Willie Taylor

Personal information
- Born: September 24, 1946
- Died: January 29, 2026 (aged 79) Germantown, Tennessee, U.S.
- Listed height: 6 ft 8 in (2.03 m)
- Listed weight: 240 lb (109 kg)

Career information
- High school: Henry (Byhalia, Mississippi)
- College: LeMoyne–Owen (1965–1969)
- NBA draft: 1969: 2nd round, 28th overall pick
- Drafted by: Philadelphia 76ers
- Position: Center
- Stats at Basketball Reference

= Willie Taylor (basketball) =

American basketball player (1946–2026)

Willie James Taylor (September 24, 1946 – January 29, 2026) was an American basketball player. He played college basketball for the LeMoyne–Owen Magicians and was selected by the Philadelphia 76ers as the 28th overall pick of the 1969 NBA draft.

==Playing career==
Taylor was born on September 24, 1946, and played basketball at Henry High School in Byhalia, Mississippi. He played college basketball for the LeMoyne–Owen Magicians where he starred as a center from 1965 to 1969. He averaged 18 points and 18 rebounds per game during his senior season.

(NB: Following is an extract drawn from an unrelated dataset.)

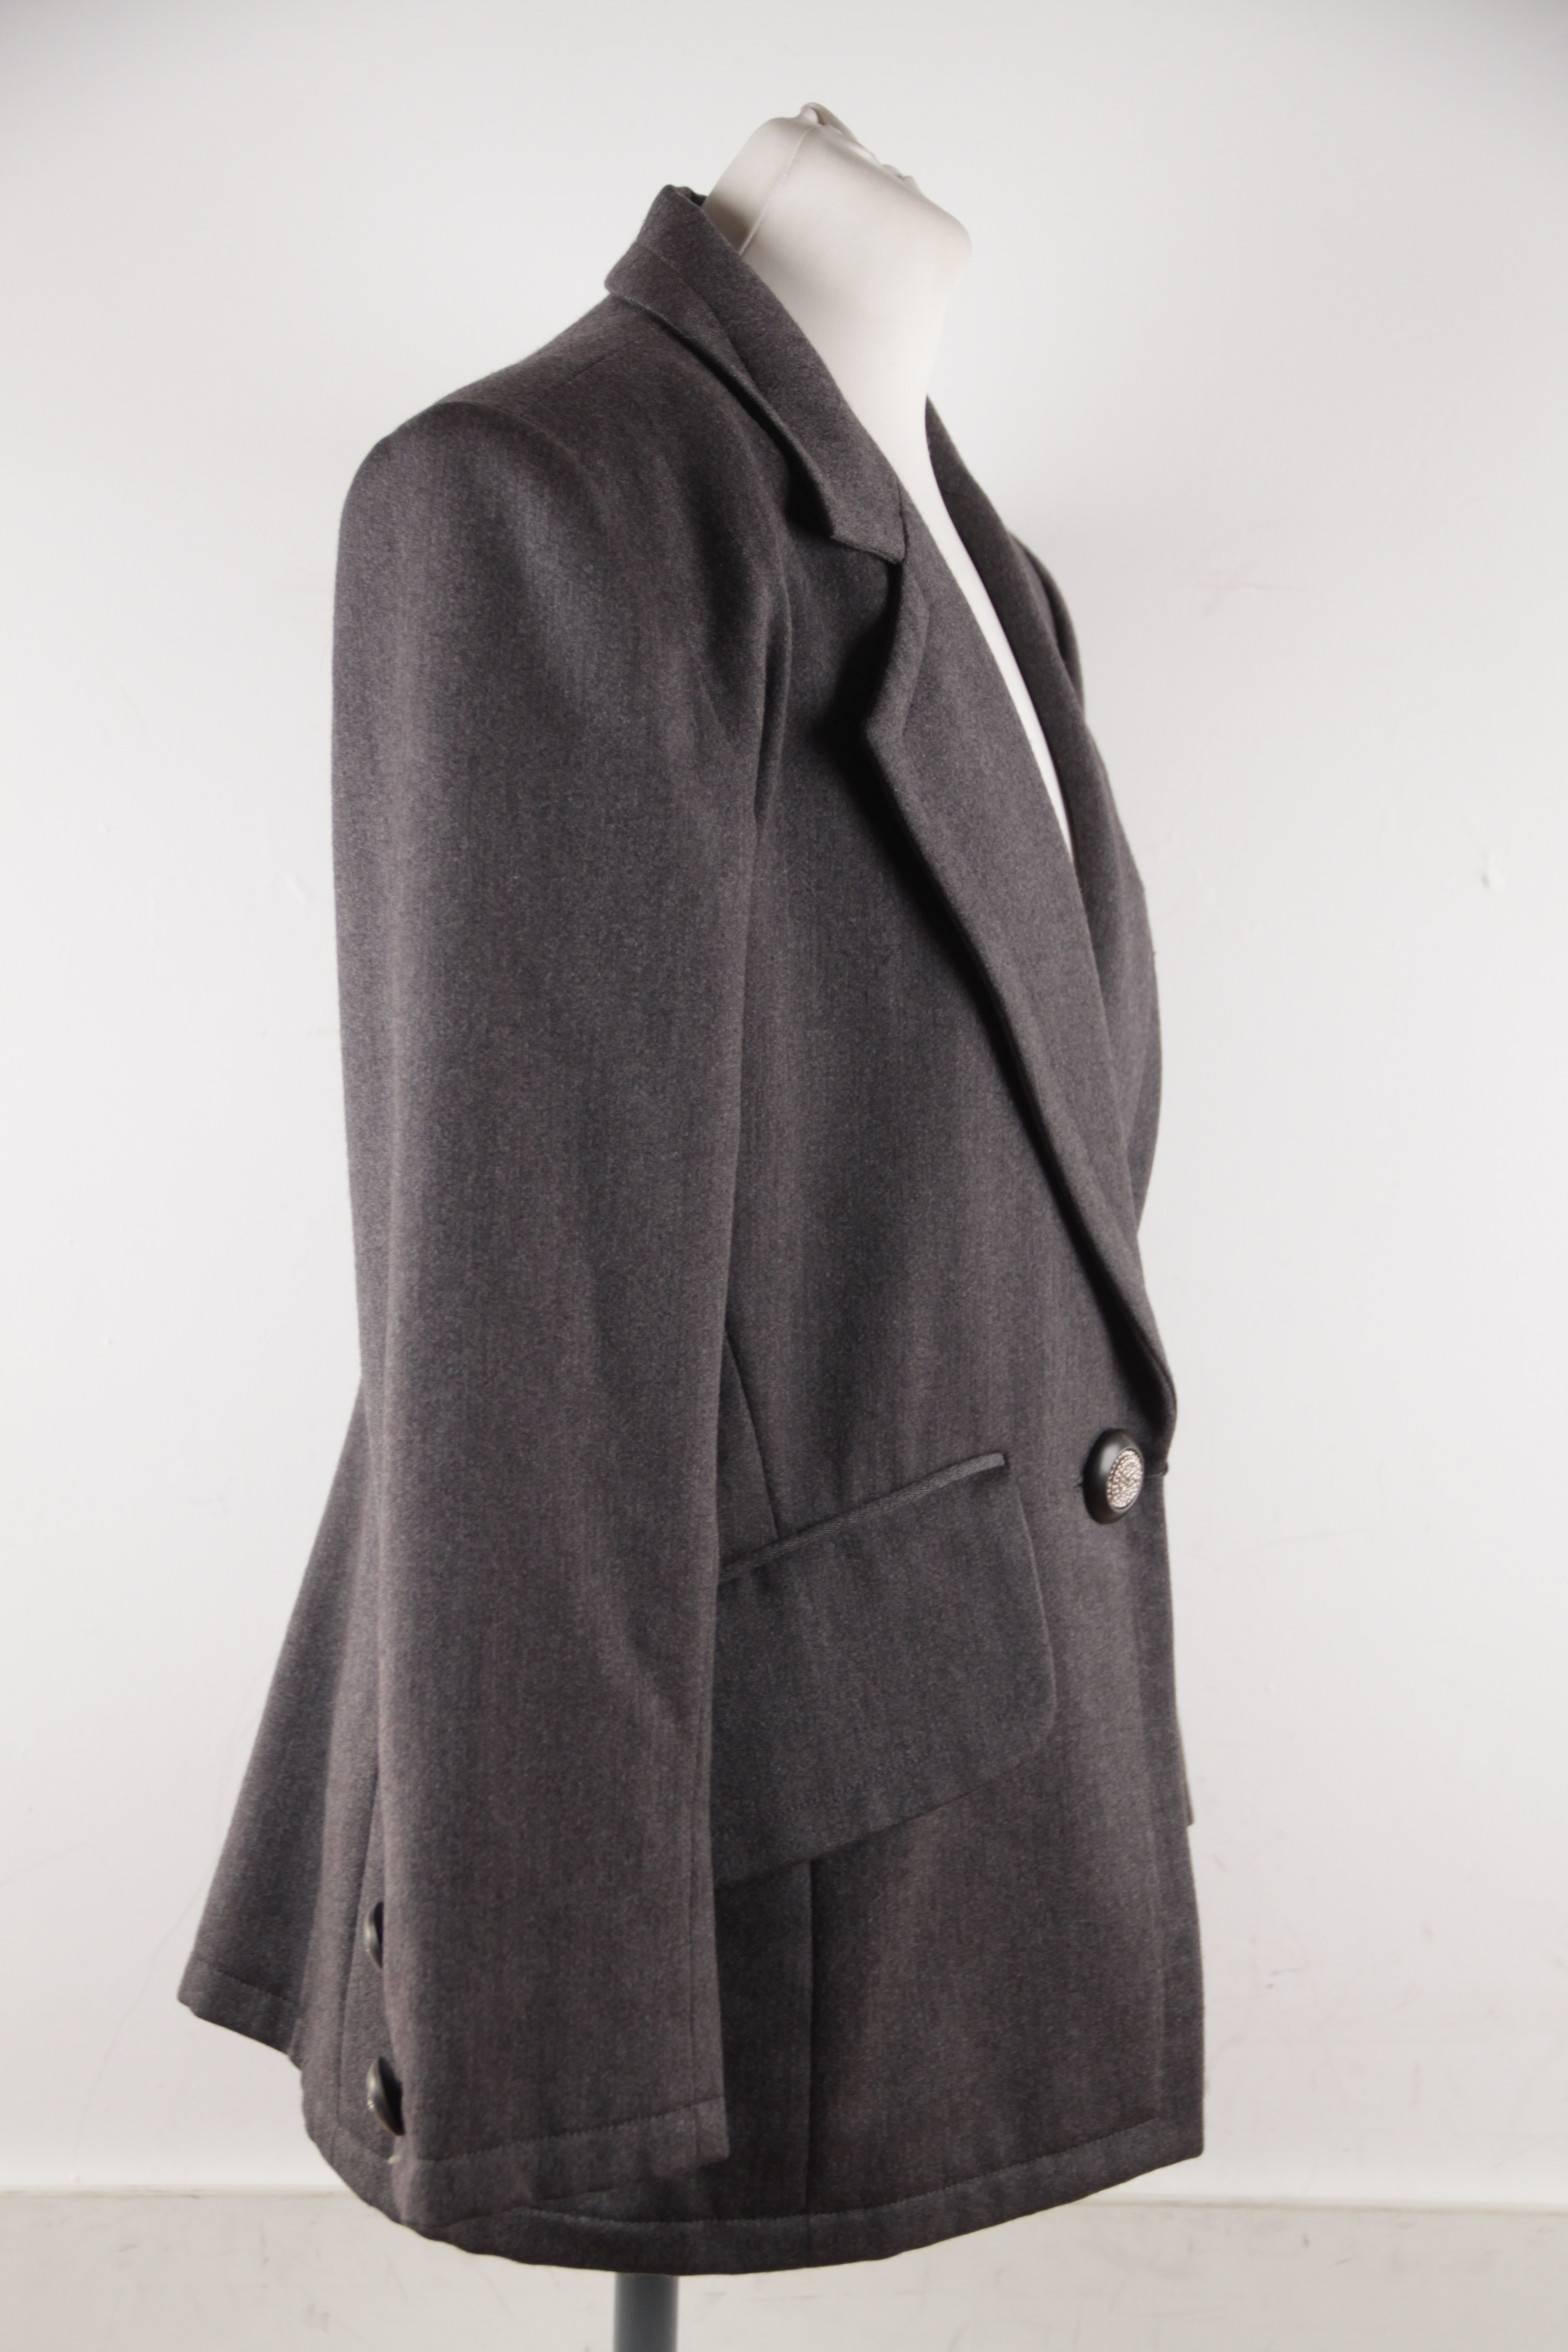 Black SAINT LAURENT RIVE GAUCHE Vintage Gray Wool BLAZER Jacket SIZE 44

Taylor was selected by the Philadelphia 76ers as the 28th overall pick in the 1969 NBA draft. He was drafted at the recommendation of a 76ers scout who saw him play at the 1969 Southern Intercollegiate Athletic Conference Tournament where he recorded 25 points and 22 rebounds in a game. 76ers head coach and general manager, Jack Ramsay, considered taking Taylor in the first round – ultimately choosing Bud Ogden – and claimed that "he could be the biggest sleeper in the draft." Taylor signed a one-year deal with the 76ers on June 29, 1969, but only played sparingly in two exhibition games. He was waived by the 76ers on September 28, 1969, as the team's final roster cut before the start of the 1969–70 NBA season.

==Personal life and death==
Taylor was the pastor of Mt. Olive MB Church in Byhalia. He had three children with his wife, Cassie, who died in 2014 after 44 years of marriage.

Taylor died at Methodist Germantown Hospital in Germantown, Tennessee, on January 29, 2026, at the age of 79.